29. Following this was the celebrated decision in D.K. Basu v. State of West Bengal (1997) 1 SCC 416
where the entire law relating to payment of compensation by the state to a victim of state excesses was
expostulated. In Mrs. Sudha Rasheed v. Union of India 1995 (1) SCALE 77, the Supreme Court
granted compensation of Rs.7,50,000/- to the relatives of an Advocate who had died in police custody.

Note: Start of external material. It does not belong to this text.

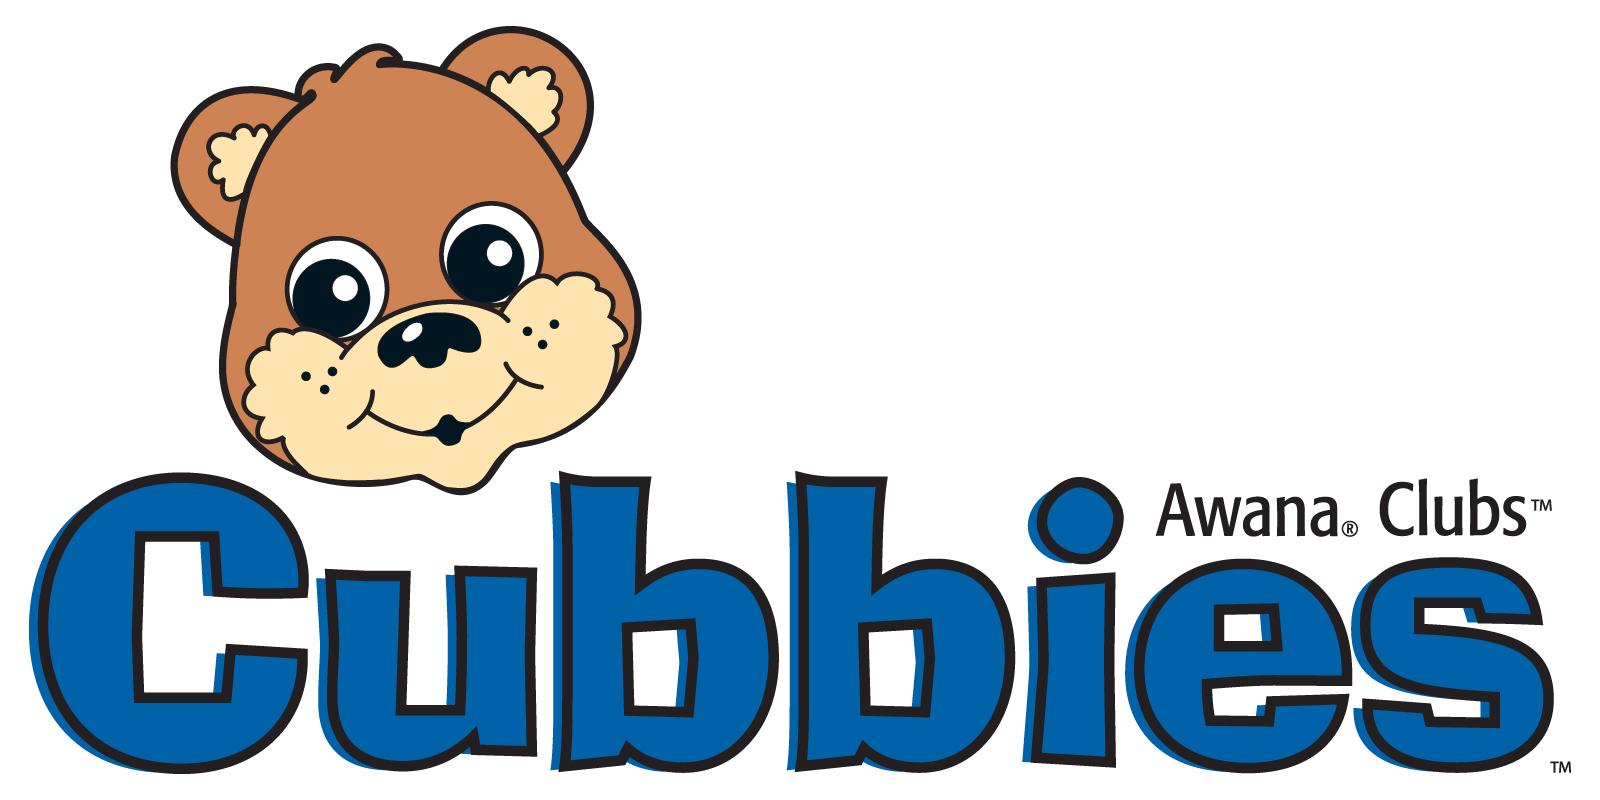 Tu0026Tlogo2008rgb sp cubbies logo - Awana PNG Free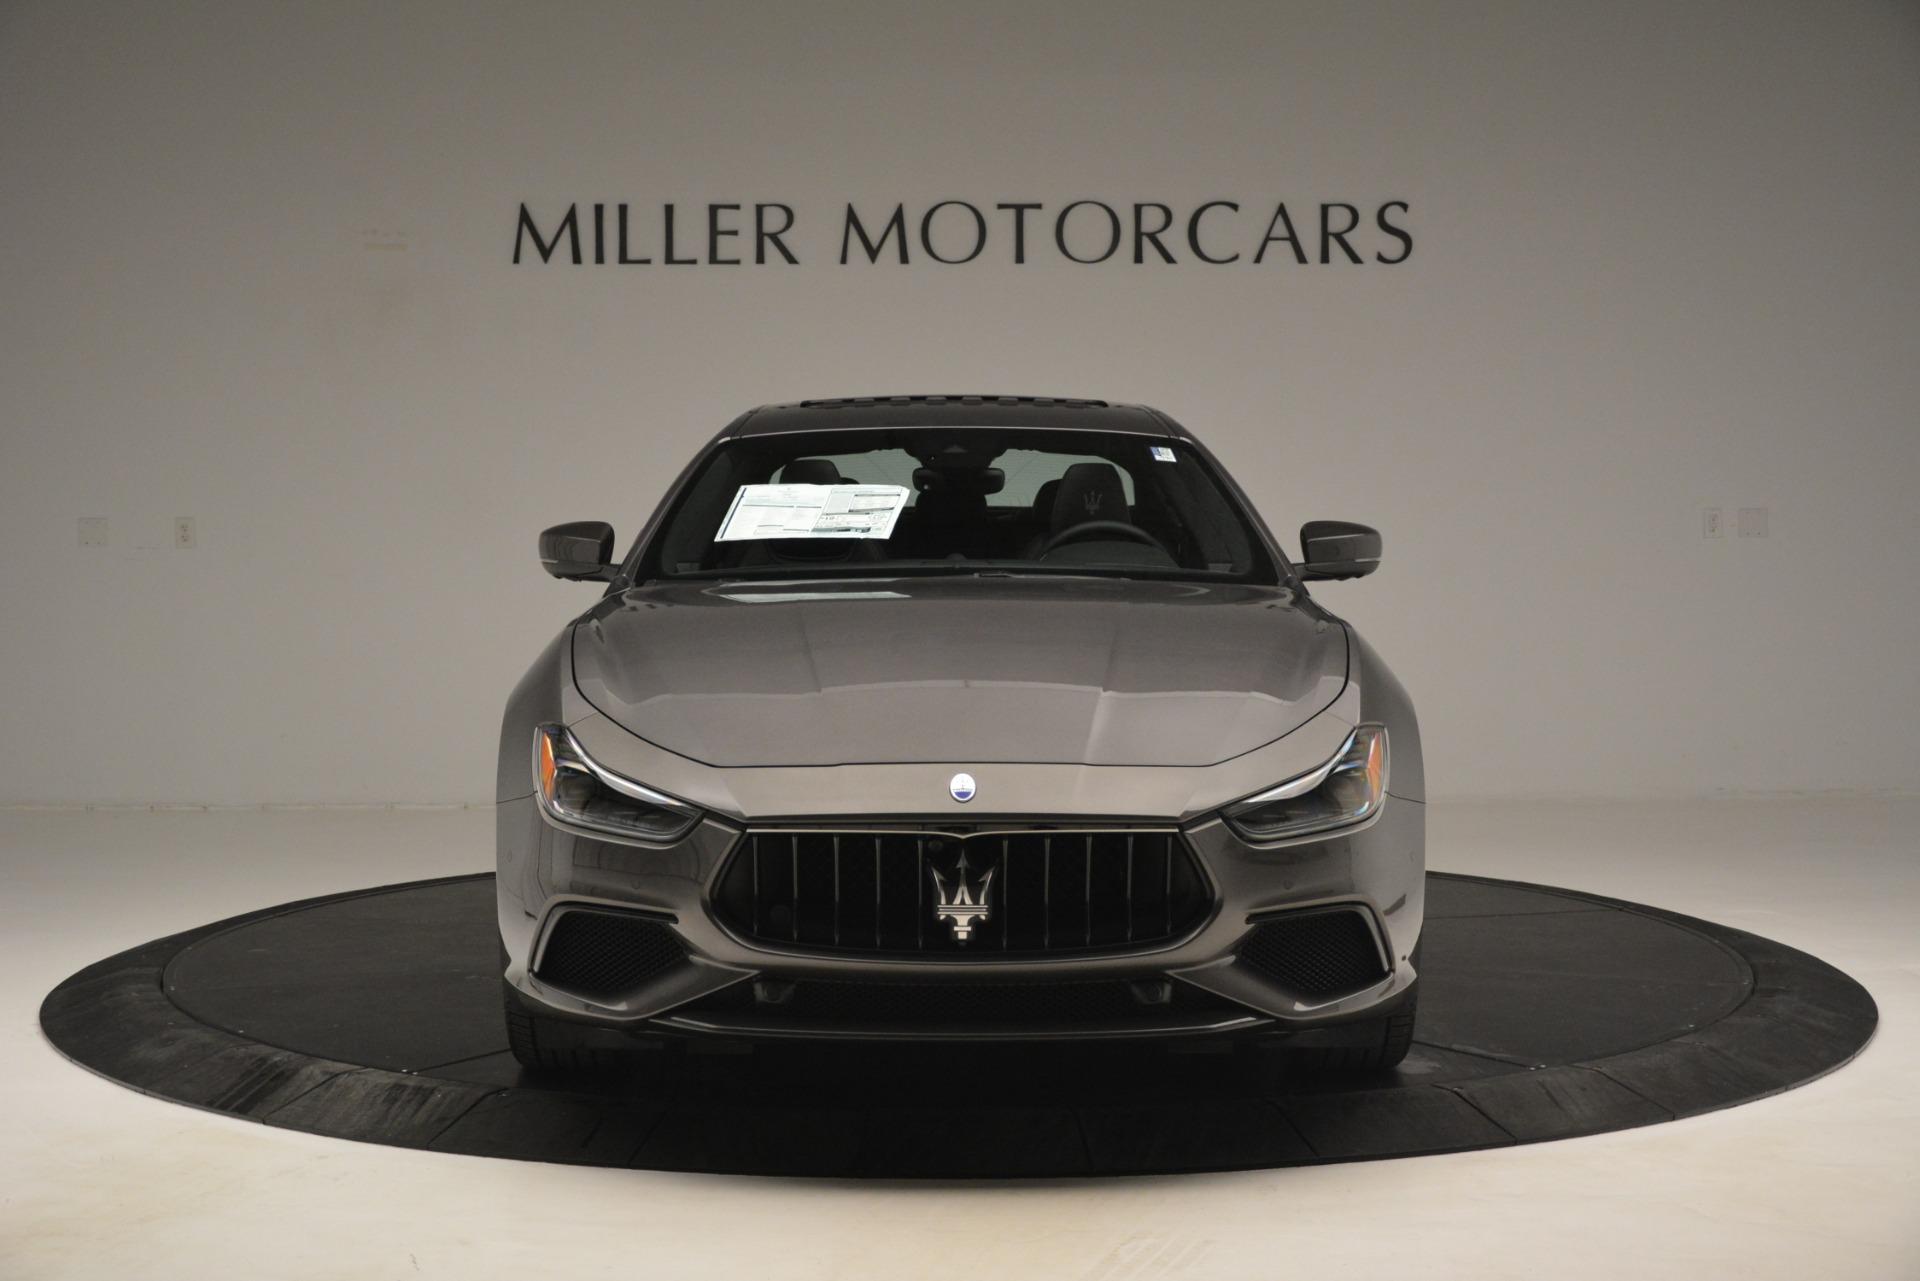 New 2019 Maserati Ghibli S Q4 GranSport For Sale In Greenwich, CT 2925_p13

This court in Nasiruddin v. State, [Criminal Writ No. 585 of 1996, decided on December 16, 1997],
while relying on the decision of the Supreme Court in D.K. Basu v. State of West Bengal (supra),
granted monetary compensation to the father of an accused who died in Tihar Jail as a result of sixteen
injuries which were found on his person.
30. Consistent with the law as explained in the above and several later decisions, this Court holds that
Prempal is entitled to be compensated by the Respondent State for the suffering he has had to undergo
on account of the illegal actions of the police in implicating him falsely in FIR No.231 of 2002 and
consequently getting him wrongly arrested and incarcerated unjustifiably for nearly two years and five
months. In Sube Singh v. State of Haryana (supra) the Supreme Court sought to draw a distinction
between the cases where there was established and incontrovertible evidence of violation of Article
21 and cases where it was not. The present case falls in the former category. There is no doubt in the
facts and circumstances of the present case that there has been a clear-cut violation of the fundamental
rights guaranteed to Prempal under Article 21. It is a case that shocks the judicial conscience.